I hunted with dogs long before I ever called a coyote. I have seen them go after a person probably a half dozen times or so, with one getting bit. That guy was an idiot though and tried kicking through a snow bank to get the coyote to go out from underneath it. He thought he was fine but his foot swelled up huge and he had to get several shots and take antibiotics for as couple weeks.

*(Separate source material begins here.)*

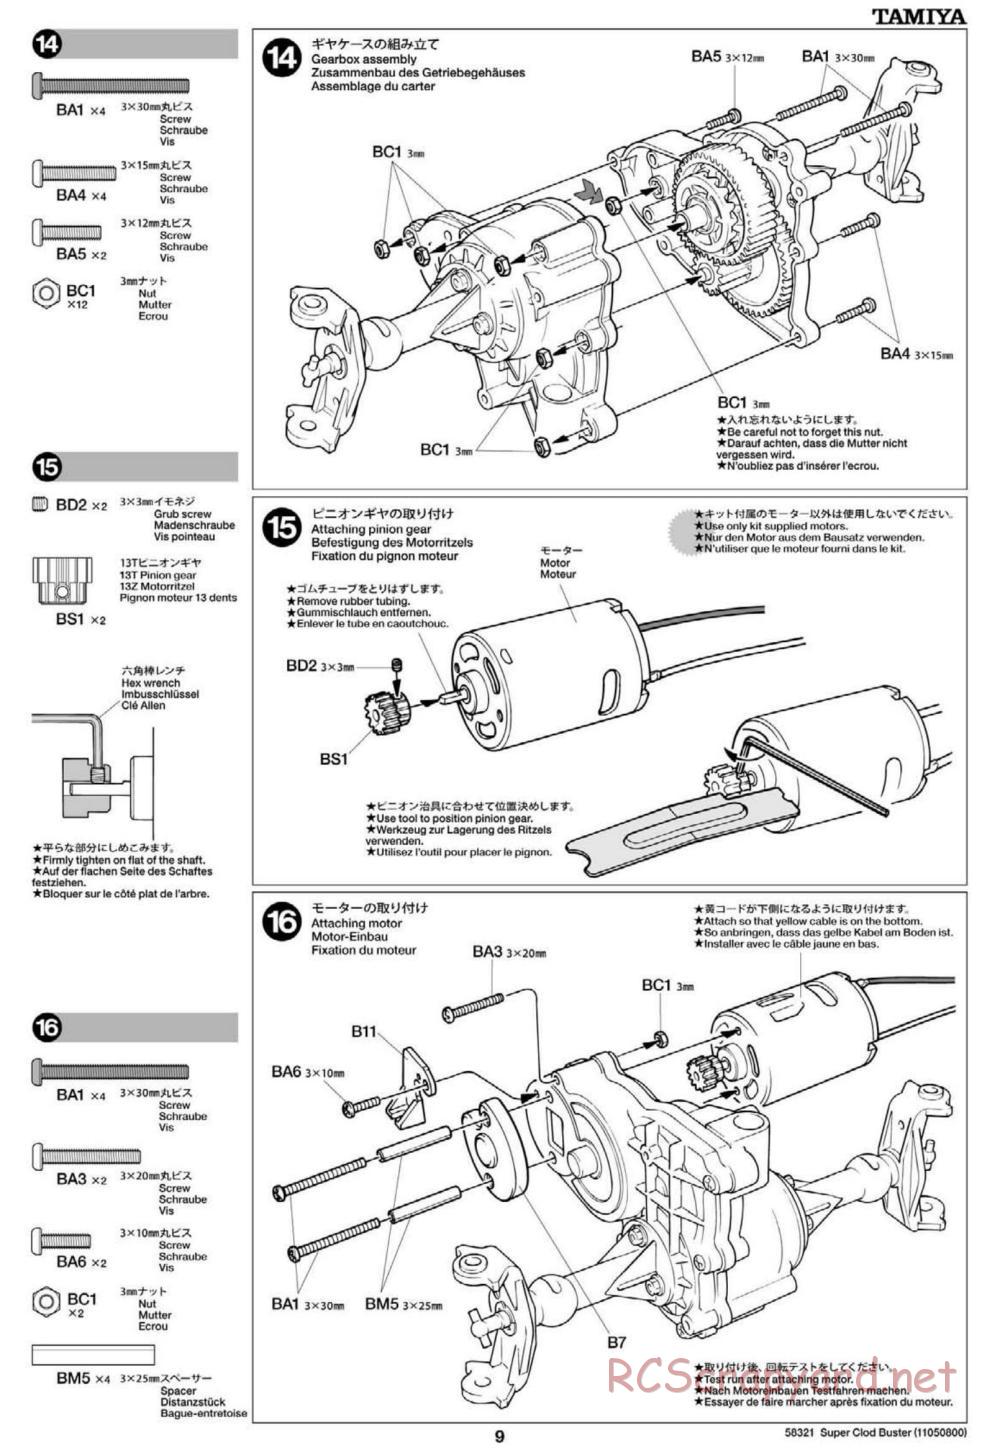 Tamiya - Super Clod Buster Chassis - Manual - Page 9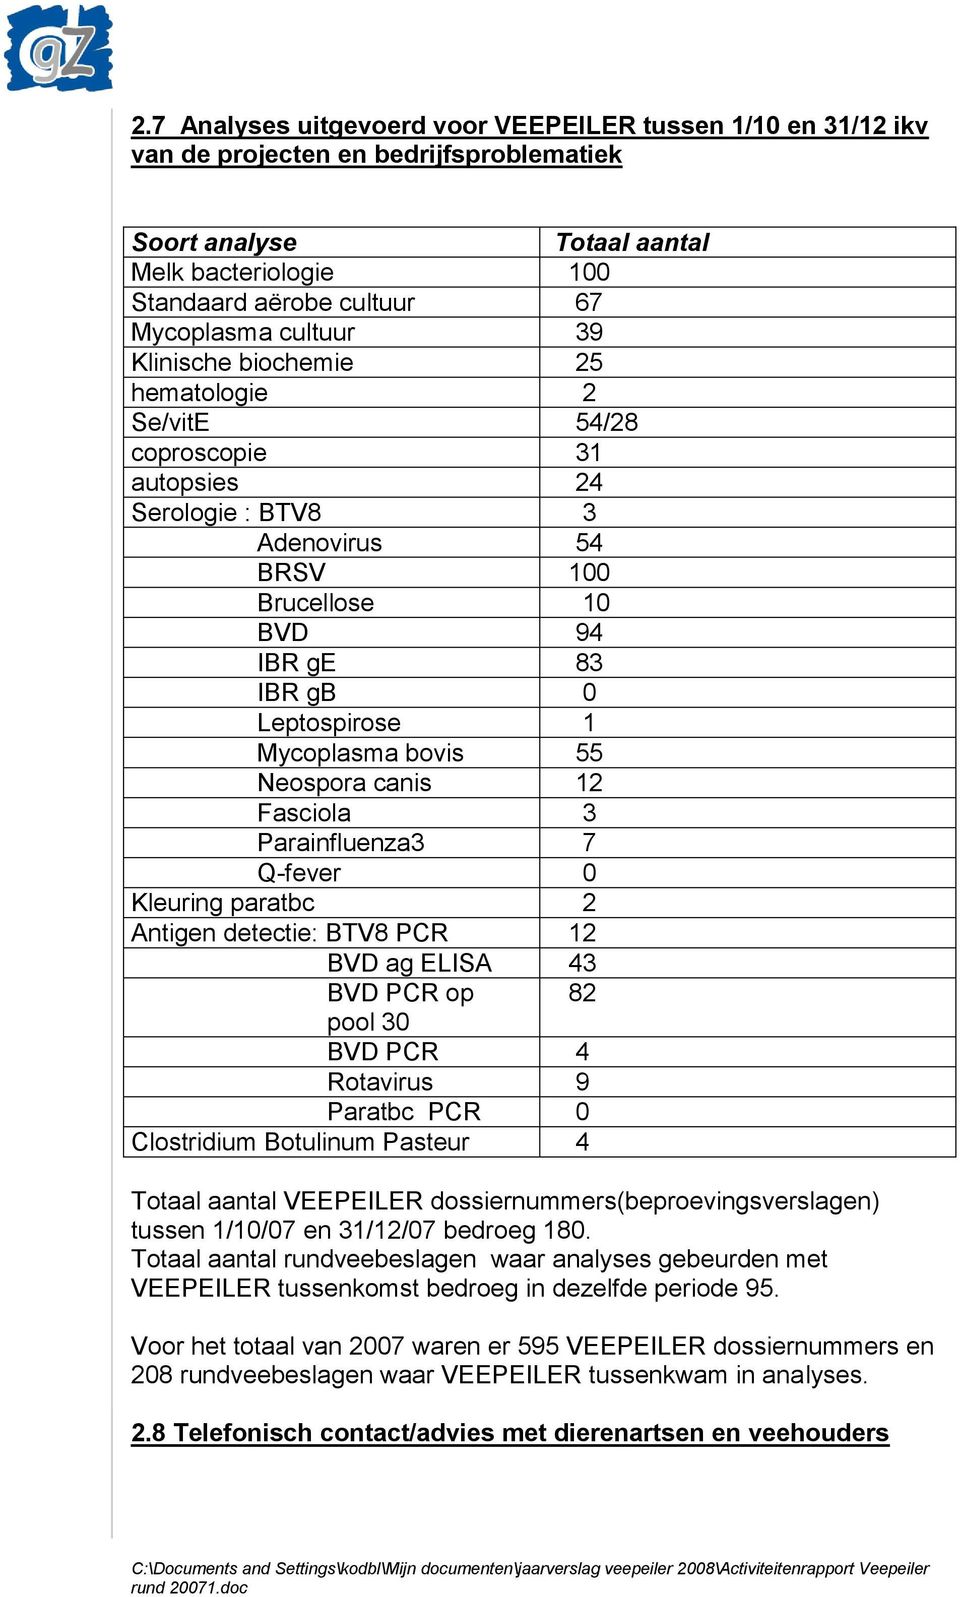 bovis 55 Neospora canis 12 Fasciola 3 Parainfluenza3 7 Q-fever 0 Kleuring paratbc 2 Antigen detectie: BTV8 PCR 12 BVD ag ELISA 43 BVD PCR op 82 pool 30 BVD PCR 4 Rotavirus 9 Paratbc PCR 0 Clostridium

When pushed between three or four coyote dogs and a person, you'd be surprised how often they go to the person. Glad to hear you're ok though skip. I will say that coyote already has a good looking coat on him, ours down here still look a little mangy.


----------



## "JJ"

Wow! Glad you're ok Skip!
Could have been a lot worse!

Sent from my LG-LS980 using Tapatalk


----------



## JTKillough

Glad to hear it is all working out. Quite a story and lesson to be learned by all of us. Sad fact is, coyotes and other such vermin can carry rabies. Sadly, you don't necessarily have to be bitten to contract rabies. You can get the disease by simply handling a rabid animal and coming into contact with the saliva. It takes quite a bit of time for the test on the head to be completed. By the time it is done, you may be showing signs of hyda-phobee. Best to get the shots started right away and ward of the slobber and freaky outrage spells. You probably wouldn't try to bite folks or develop a blood lust until the very end. Happy Halloween! umpkin-flashing:


----------



## X-Calibur Lighting Systems

Wow skip, what a story! Glad you're ok, minus the shots and maybe a bruised ego 

Hoping for a speedy recovery for ya! Stay safe out there!

Shawn


----------



## Larry

Swampbucket-- I feel for you man, rabies shots ouch.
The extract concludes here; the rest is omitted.